総選挙の実施が濃厚となった段階では、「候補者アンケート」など、組合員の選択に資する取り組みを具体化する。
8、 国際連帯の取り組み
2国間組織の共同と交流を継続する。
ベトナム労働総同盟(VGCL)、中華全国総工会との交流の具体化を進める。
IV 統一闘争、総対話と共同を柱にした全労連組織の強化拡大の取り組み
1、 新「中期計画」の実践、具体化を進める
(1) 新中期計画の具体的実践にふみだす秋の組織拡大・強化特別月間の取り組みの意思統一の場として、9月27日(木)〜28日(金)に「組織拡大交流集会」(従来の単産・地方組織担当者会議を発展的に位置づけ)を開催する。
そのことから、単産・地方組織は8〜9月中に月間方針と態勢を確立し、「組織拡大交流集会」ではそれぞれの計画に即して連携した取り組みへの意思統一をはかる。

(2) 2012年秋の組織拡大・強化月間を10月〜12月に設定する。
すべての組織が「10%以上の純増」をめざす新中期計画スタートの「特別月間」と位置づけ、全労連と単産・地方組織が連携した取り組みを軸に旺盛な組織拡大運動を進める。

(3) 要求課題を前面に掲げた「100万人総対話運動」の一環として、「春闘アンケート」や各種署名などを活用して、職場内外の未組織労働者との「総対話運動」を展開する。
「青年部アンケート」を活用し、職場内外の青年労働者との「総対話」を広げる。
2013年春闘に向けた「共同」と「連帯」を広げる視野から、全労連と単産、地方組織が連携して、友好・中立労組訪問などに取り組む。

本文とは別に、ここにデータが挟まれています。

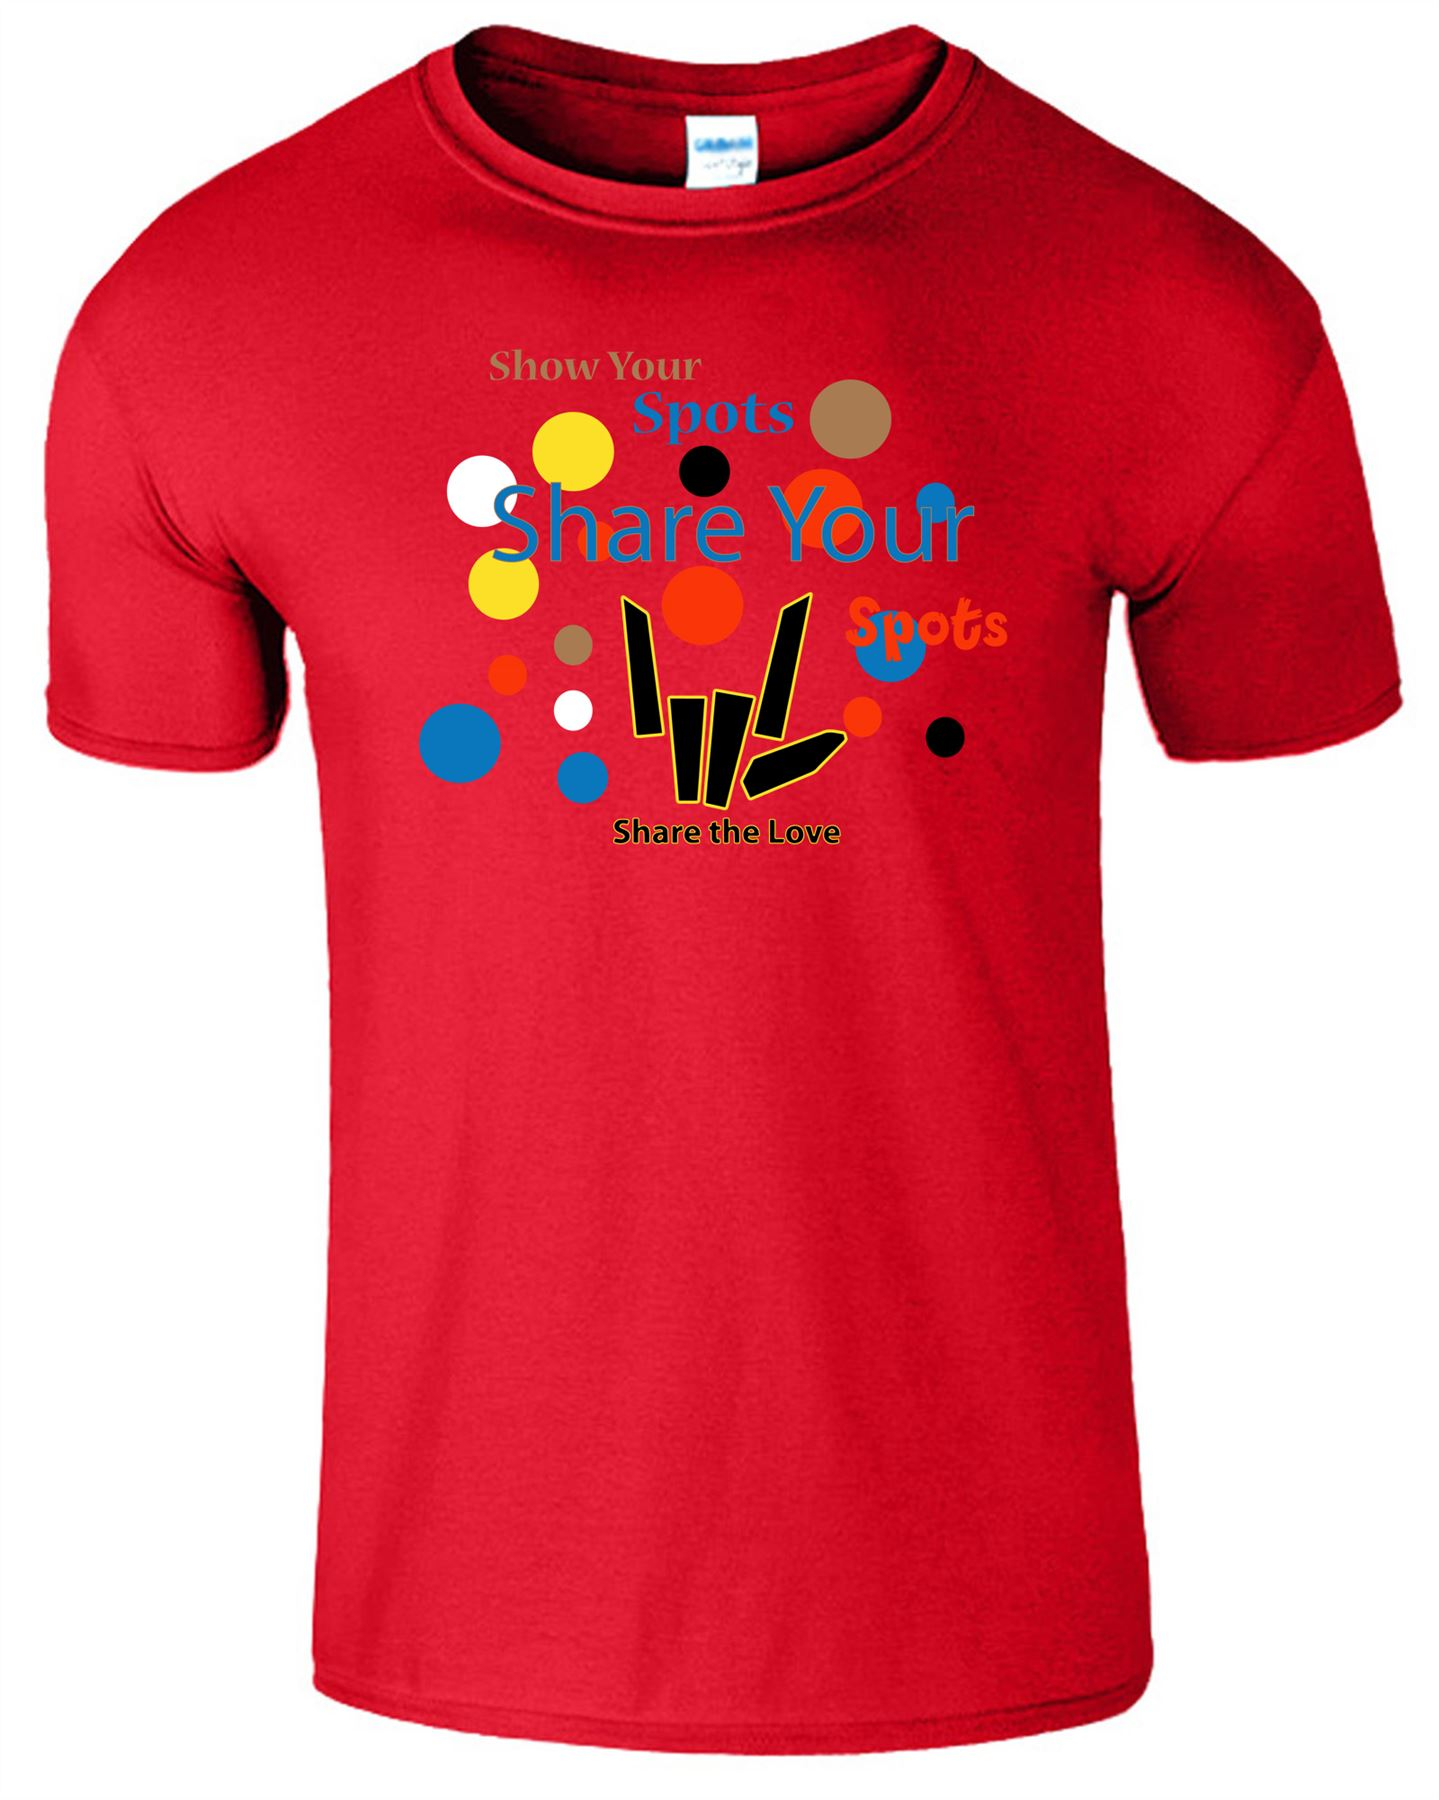 Mens Ladies Colorfull Logo TShirt Children Boys Girls Tee Top T-Shirt All Sizes

(4) 単産と地方組織の連携による「総がかり作戦」の実施に向けて、総がかり作戦の対象地域と業種を絞り込み、具体的な実践が展開できるよう単産と地方組織の調整を開始する。
組合員5,000人未満の地方組織を重点においた「総がかり作戦」は、11月〜12月を「作戦ゾーン」として設定して取り組みを具体化する。

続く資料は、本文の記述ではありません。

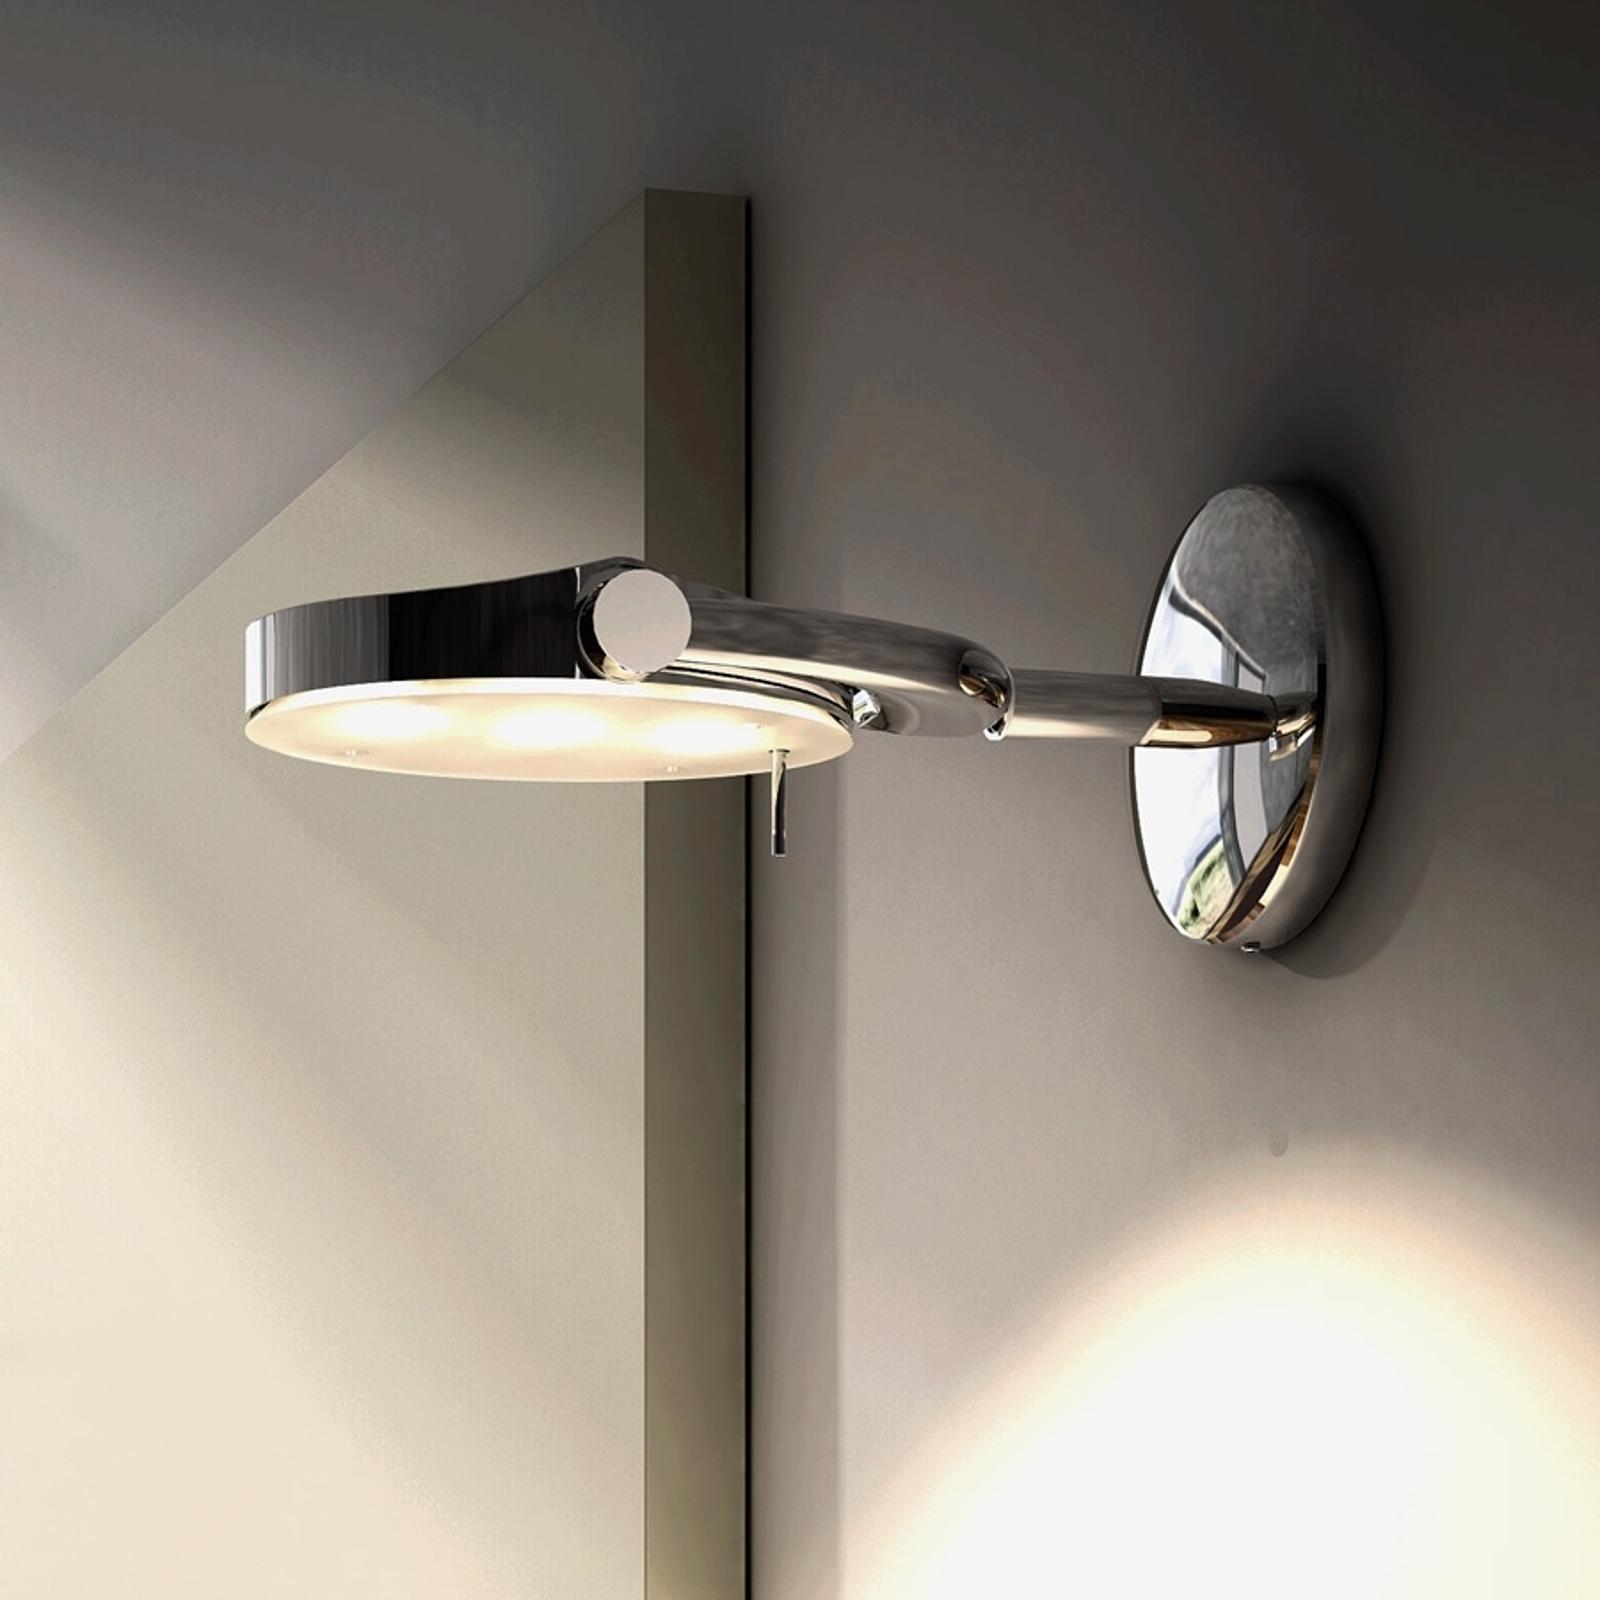 Regulowana lampa ścienna LED PERCEVAL, mała

(5) 震災復興地域の組織の再建、拡大・強化を位置づける。
岩手、宮城、福島の被災3県での特別な体制を強化し、被災地域での拠点づくりや組織化を進める。関係単産の協力を得て、組織再建・強化の「総がかり作戦」実施に向けた調整をはかる。

(6) 非正規・青年・女性労働者など今後の全労連運動を担う活動家の育成を目的に、全労連教科書の活用と労働者教育協会との連携を位置づけて、地方ブロック単位を基本に「労働学校」の開催を進める。
地方ブロックでの「組織拡大オルグ養成講座」の開催を進める。